# Giratina VS Cresselia



## Ryu Tyruka (Feb 23, 2009)

.


----------



## Colossal (Feb 23, 2009)

Cresselia, it resembles something and I just overall prefer the look of it.


----------



## Bombsii (Feb 23, 2009)

Giratina, its just badass and menacing.





Plus it makes a cute plushie.


----------



## Stardust Dragona (Feb 23, 2009)

Giratina, its my favourite "evil" pokemon (which I can't say i'm a major fan of.)


----------



## Fredie (Feb 23, 2009)

Cresselia, because it just looks beautiful. But Giratina is pretty cool too.


----------



## Yarnchu (Feb 23, 2009)

DarkArmour said:


> Giratina, its just badass and menacing.
> 
> 
> 
> ...


OMG overwelming cuteness! Must...resist...fanboyish urges...

I like Giratina better than Cresselia, mainly because Cressy wasn't as needed(though if anything needs to leave its Heatran) but also because Giratina is, well, badass and menacing like DarkArmour said.


----------



## S. E. (Feb 23, 2009)

superyoshi888 said:


> OMG overwelming cuteness! Must...resist...fanboyish urges...

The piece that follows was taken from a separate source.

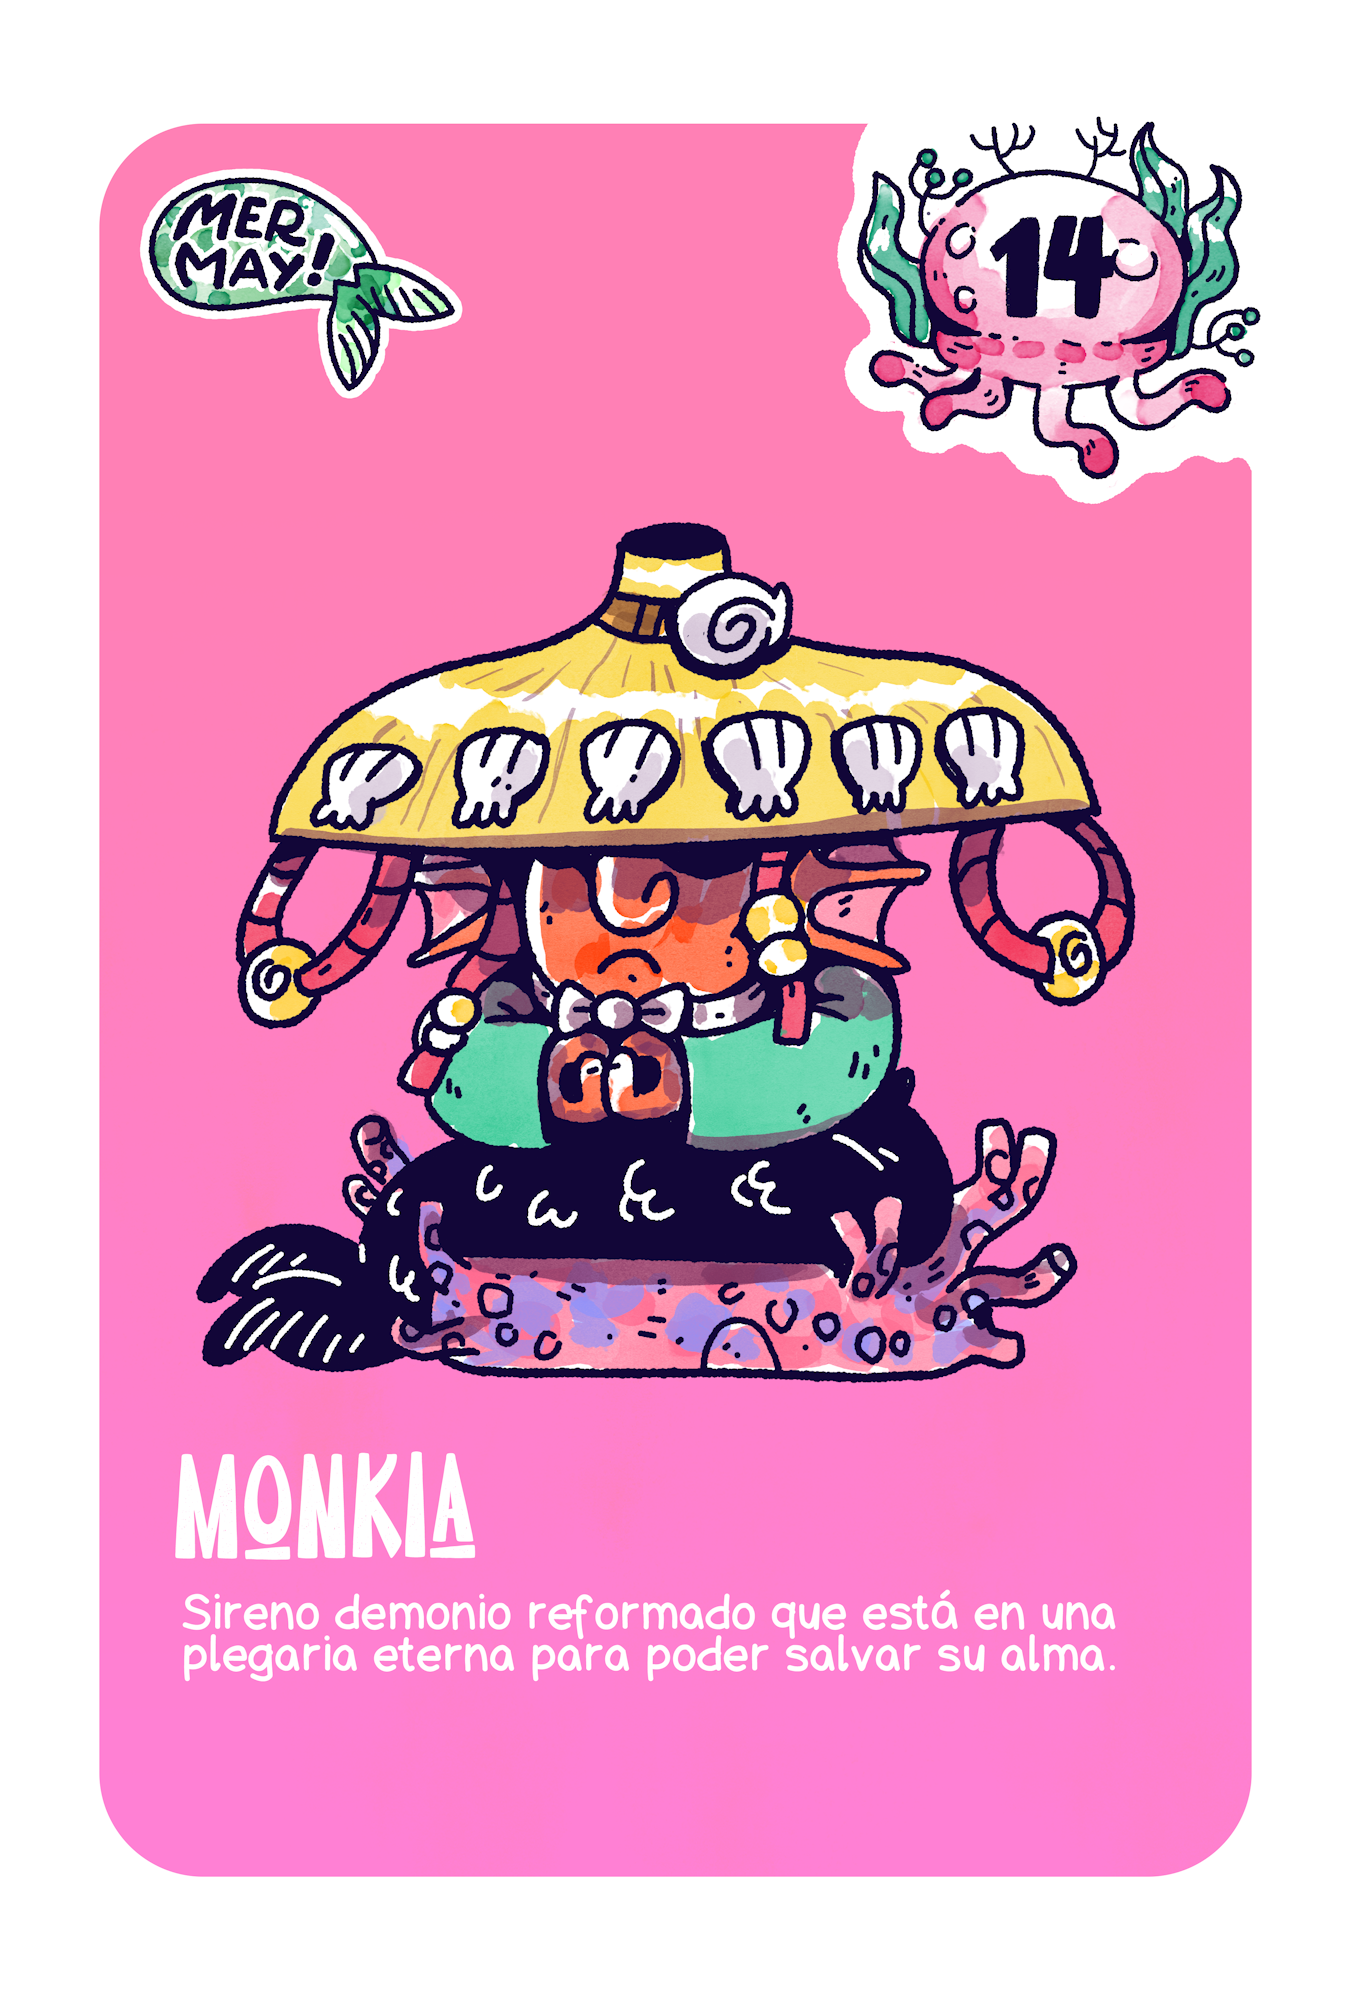 Monkia

Nevermind fanboyish urges, must resist fangirlish urges! *huggles plushie*
...Oh hang on, I'm still doing Meta Knight right now. Giratina has to wait. :<

Either way, I votes Giratina. Cresselia is neat, but not enough to surpass Giratina.


----------



## Thorne (Feb 23, 2009)

Uxie!
Both of them are cool, but I choose Giratina.
Although none of them can beat the might of the awesomeness that is Uxie!


----------



## Lucas₇₅₅ (Feb 23, 2009)

I like Giratina. It looks more... Fearsome.
Cresselia's neat, but I like Giratina more.


----------



## nothing to see here (Feb 23, 2009)

Giratina.  It's probably my 4th-favorite favorite D/P legendary, after Shaymin, Heatran, and Regigigas.

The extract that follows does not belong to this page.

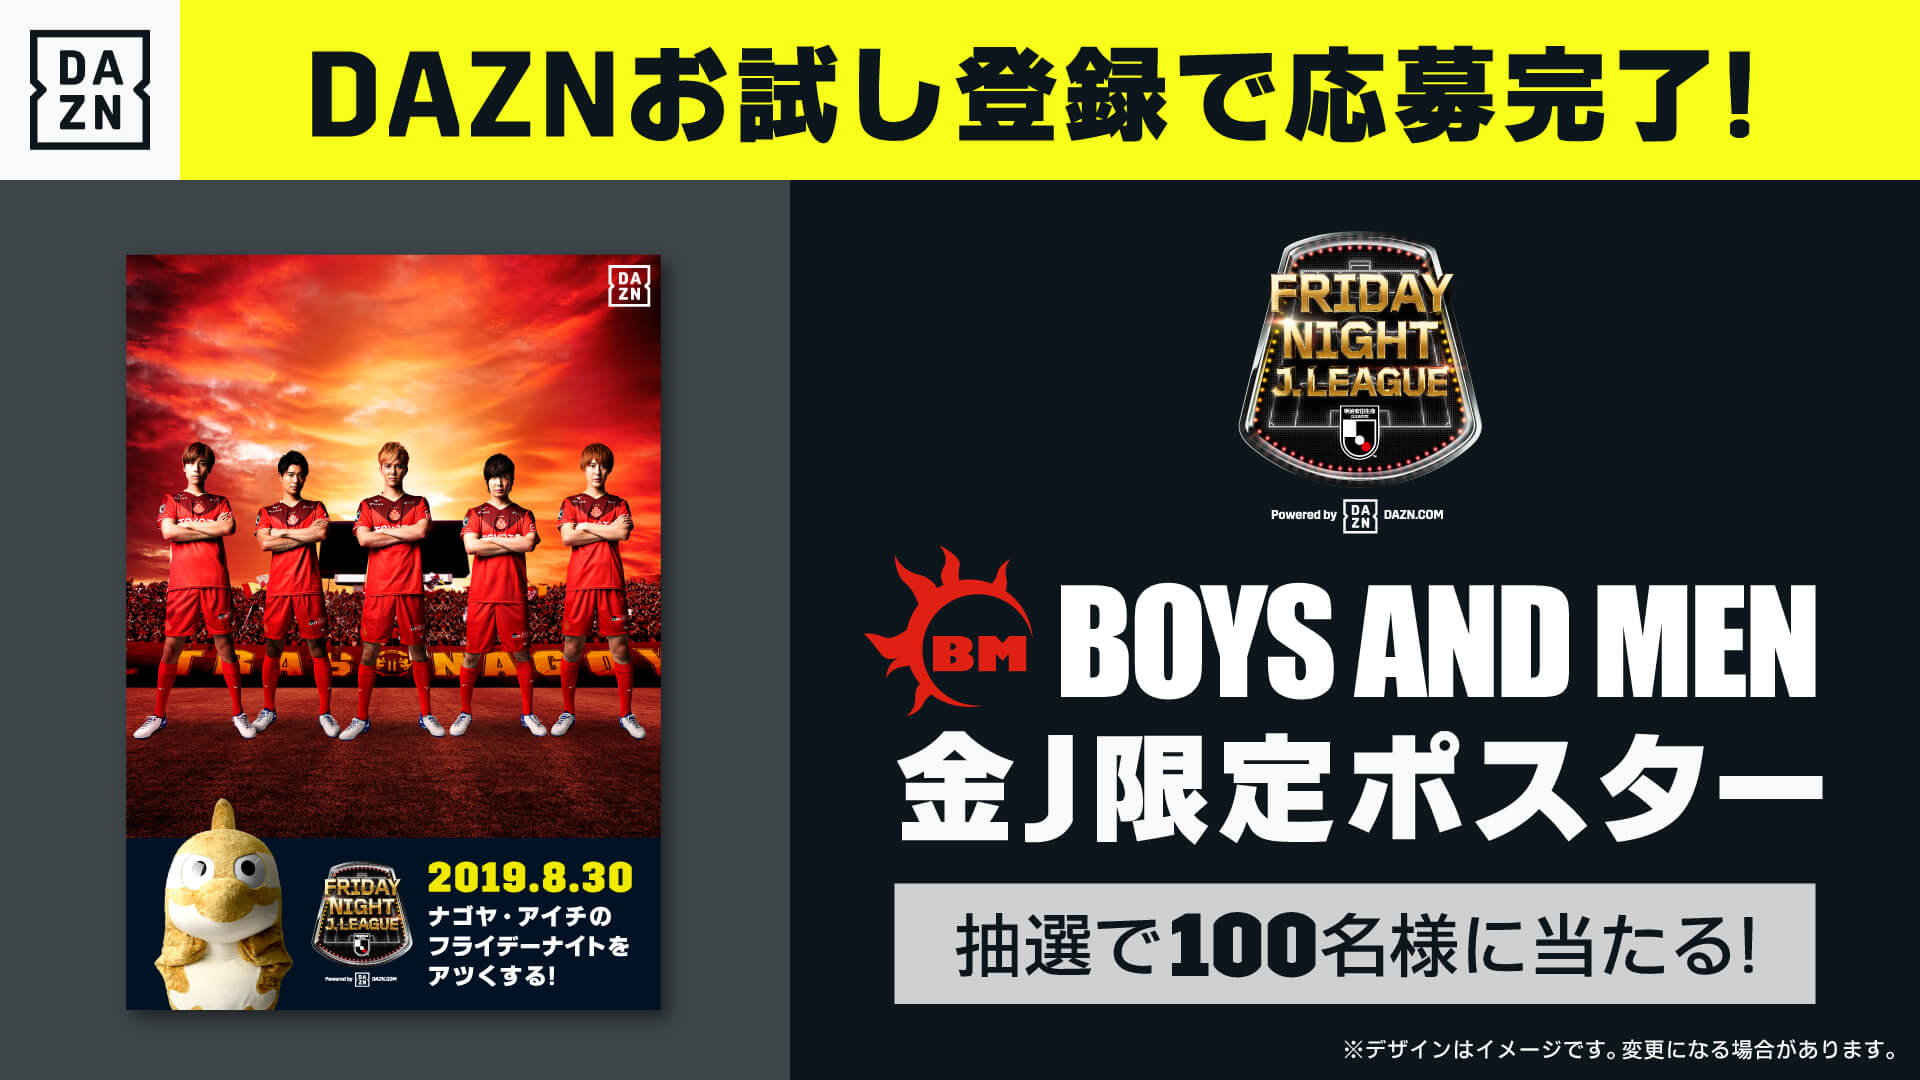 DAZN_FNJ_Nagoya_Boymen_poster_giveaway_0820.jpg

Cresselia is just weird-looking, though... I didn't think it was at first, but then I noticed that there are freaking _hands_ on the ends of its two lower wing-crescent-energy-thingies.


----------



## Noctowl (Feb 23, 2009)

Giratina. =D

Ben likes giratina too


----------



## Alxprit (Feb 23, 2009)

I hate Giratina, Turnback Cave gave me nightmares.
Yes, I am easily scared. It's all because of Clock Tower...


----------



## VelvetEspeon (Feb 24, 2009)

I like them both a lot.


----------



## Evolutionary (Feb 24, 2009)

_Cresselia, it's pretty and the colours are very nice to use. And Italics suit it~
_


----------



## Mad MOAI (Feb 24, 2009)

Giratina.

Have you heard its cry?

"bi-SHAAAAAAN!!"

Awesome :3


----------



## Coloursfall (Feb 24, 2009)

Giratina!

She's so cute. C: and will be in a fanfic I'm writing.

and you don't have to chase her _all around freaking Sinnoh_


----------



## Invader Palkia (Feb 24, 2009)

Giratina. But Cresselia's right behind him (Giratina's my second favorite Pokemon, and Cresselia is my third.)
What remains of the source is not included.